Etwas anderes kann aber dann gelten, wenn wegen der Erkrankung des zuständigen Richters zB ein bereits anberaumter Termin kurzfristig verschoben werden muss. Die staatliche Verantwortung für die dadurch eintretende Verzögerung mag anders zu bewerten sein, wenn sich der geschäftsplanmäßige Vertreter in der Kürze der verbleibenden Vorbereitungszeit nicht in die Sache einarbeiten kann und deshalb als verhindert anzusehen ist. Bei einer solchen kurzfristigen Terminverschiebung handelt es sich nicht um eine Verzögerung, die auf einer unzureichenden Ausstattung der Justiz im Allgemeinen beruht. Vielmehr verlängert sich in dieser Konstellation die Verfahrenslaufzeit durch eine unvermeidbare Störung des Verfahrensablaufs, was keine Entschädigungspflicht zu begründen vermag.
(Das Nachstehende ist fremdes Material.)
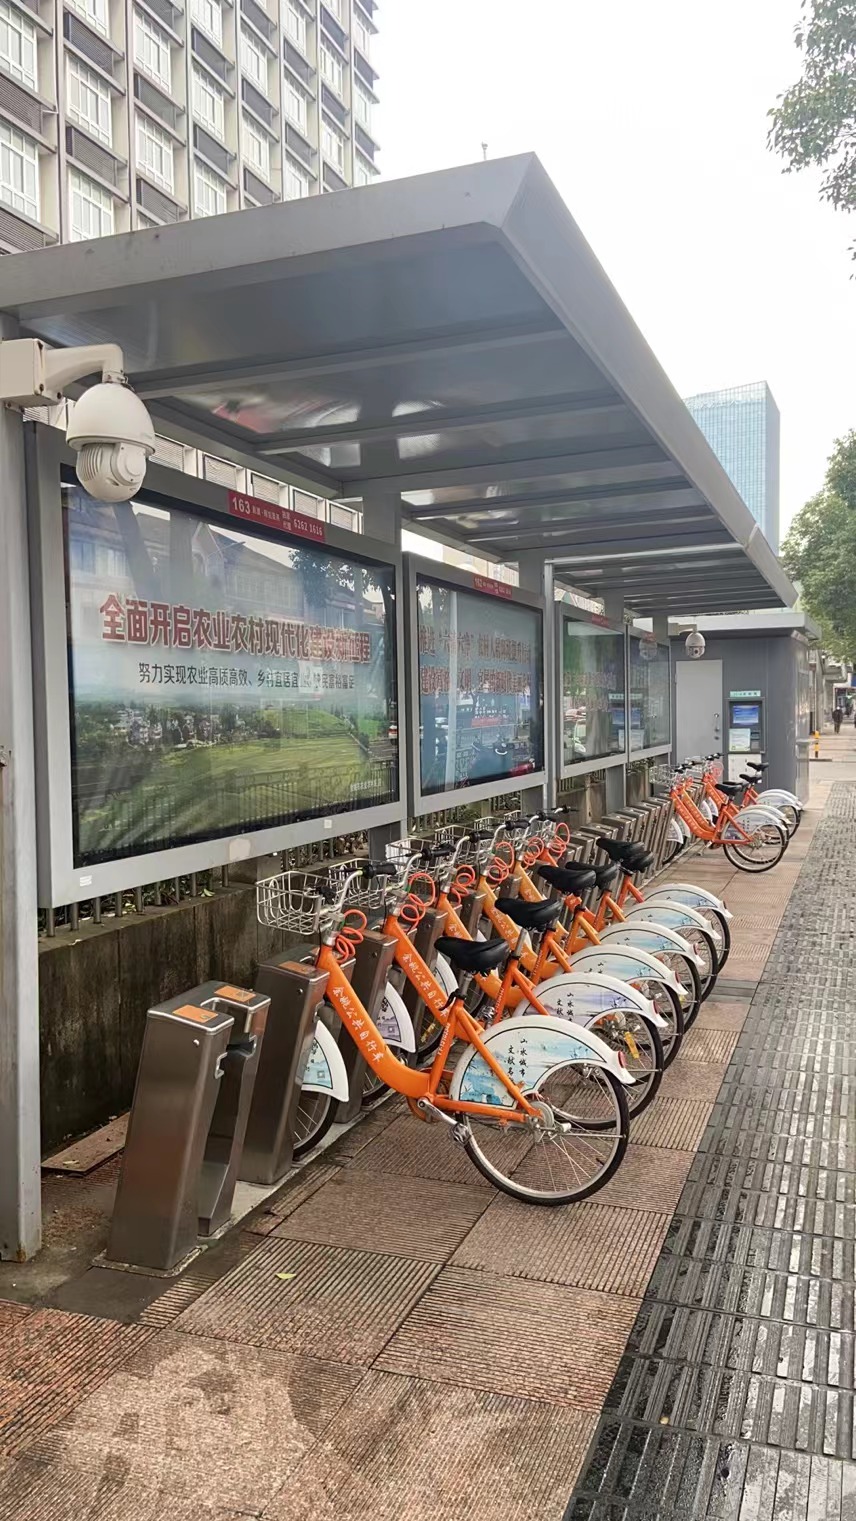 余姚市城区公共自行车停车棚广告位经营权网络拍卖公告

Ein solcher Fall lag hier jedoch nicht vor.

Ausgehend von den vorgenannten Maßstäben hätte das Entschädigungsgericht drei weitere Monate als entschädigungspflichtig bewerten müssen. Dem Kläger waren daher mit der Revision zu den vom Entschädigungsgericht bereits ausgeurteilten 1300 Euro weitere 300 Euro Entschädigung zuzusprechen.